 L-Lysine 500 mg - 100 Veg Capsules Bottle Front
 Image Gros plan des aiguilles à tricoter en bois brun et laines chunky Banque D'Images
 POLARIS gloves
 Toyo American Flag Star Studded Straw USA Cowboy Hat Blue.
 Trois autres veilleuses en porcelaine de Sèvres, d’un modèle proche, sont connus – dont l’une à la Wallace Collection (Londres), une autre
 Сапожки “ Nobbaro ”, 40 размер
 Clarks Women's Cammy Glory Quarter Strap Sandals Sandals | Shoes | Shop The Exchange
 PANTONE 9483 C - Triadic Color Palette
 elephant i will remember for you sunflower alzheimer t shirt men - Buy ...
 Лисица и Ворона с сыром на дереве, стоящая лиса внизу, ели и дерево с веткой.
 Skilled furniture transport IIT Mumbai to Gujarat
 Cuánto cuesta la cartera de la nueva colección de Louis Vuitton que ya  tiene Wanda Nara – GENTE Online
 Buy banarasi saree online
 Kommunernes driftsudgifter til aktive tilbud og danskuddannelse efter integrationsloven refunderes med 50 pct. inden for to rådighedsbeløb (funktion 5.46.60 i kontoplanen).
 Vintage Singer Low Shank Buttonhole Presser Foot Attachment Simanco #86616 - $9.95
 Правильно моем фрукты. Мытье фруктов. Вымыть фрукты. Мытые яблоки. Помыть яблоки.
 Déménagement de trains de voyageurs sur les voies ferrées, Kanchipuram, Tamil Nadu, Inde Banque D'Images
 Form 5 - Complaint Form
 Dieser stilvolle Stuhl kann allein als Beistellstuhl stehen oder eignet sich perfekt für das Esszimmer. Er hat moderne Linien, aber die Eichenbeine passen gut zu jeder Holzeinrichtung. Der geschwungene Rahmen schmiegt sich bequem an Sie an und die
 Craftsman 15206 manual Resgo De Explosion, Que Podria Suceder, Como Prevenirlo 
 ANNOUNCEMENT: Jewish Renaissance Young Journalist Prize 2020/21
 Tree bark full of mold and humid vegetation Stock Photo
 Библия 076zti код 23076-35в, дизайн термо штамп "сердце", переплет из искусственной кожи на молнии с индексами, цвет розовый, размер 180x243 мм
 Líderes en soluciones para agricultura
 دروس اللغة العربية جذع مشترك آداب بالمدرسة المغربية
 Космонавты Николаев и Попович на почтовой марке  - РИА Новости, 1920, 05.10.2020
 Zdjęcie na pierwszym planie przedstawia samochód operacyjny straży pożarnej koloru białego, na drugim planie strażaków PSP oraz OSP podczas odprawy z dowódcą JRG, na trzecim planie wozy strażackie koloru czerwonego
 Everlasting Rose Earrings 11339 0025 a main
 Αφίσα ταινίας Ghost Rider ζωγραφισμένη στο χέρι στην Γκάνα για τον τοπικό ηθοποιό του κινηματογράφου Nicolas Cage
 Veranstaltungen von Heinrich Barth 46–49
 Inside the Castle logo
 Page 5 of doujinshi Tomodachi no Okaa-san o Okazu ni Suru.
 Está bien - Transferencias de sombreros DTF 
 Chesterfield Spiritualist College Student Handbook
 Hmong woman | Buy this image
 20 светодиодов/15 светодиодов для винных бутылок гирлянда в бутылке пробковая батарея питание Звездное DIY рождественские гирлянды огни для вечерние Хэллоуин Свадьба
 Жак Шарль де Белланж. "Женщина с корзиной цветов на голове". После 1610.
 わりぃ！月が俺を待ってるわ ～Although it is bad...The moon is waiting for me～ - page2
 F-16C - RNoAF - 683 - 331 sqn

- - - - -

EXERCISE DESCRIPTION: Your response should contain each line of the entries above that holds the string "размер".

ANSWER TO THE PROBLEM:
 Сапожки “ Nobbaro ”, 40 размер
 Библия 076zti код 23076-35в, дизайн термо штамп "сердце", переплет из искусственной кожи на молнии с индексами, цвет розовый, размер 180x243 мм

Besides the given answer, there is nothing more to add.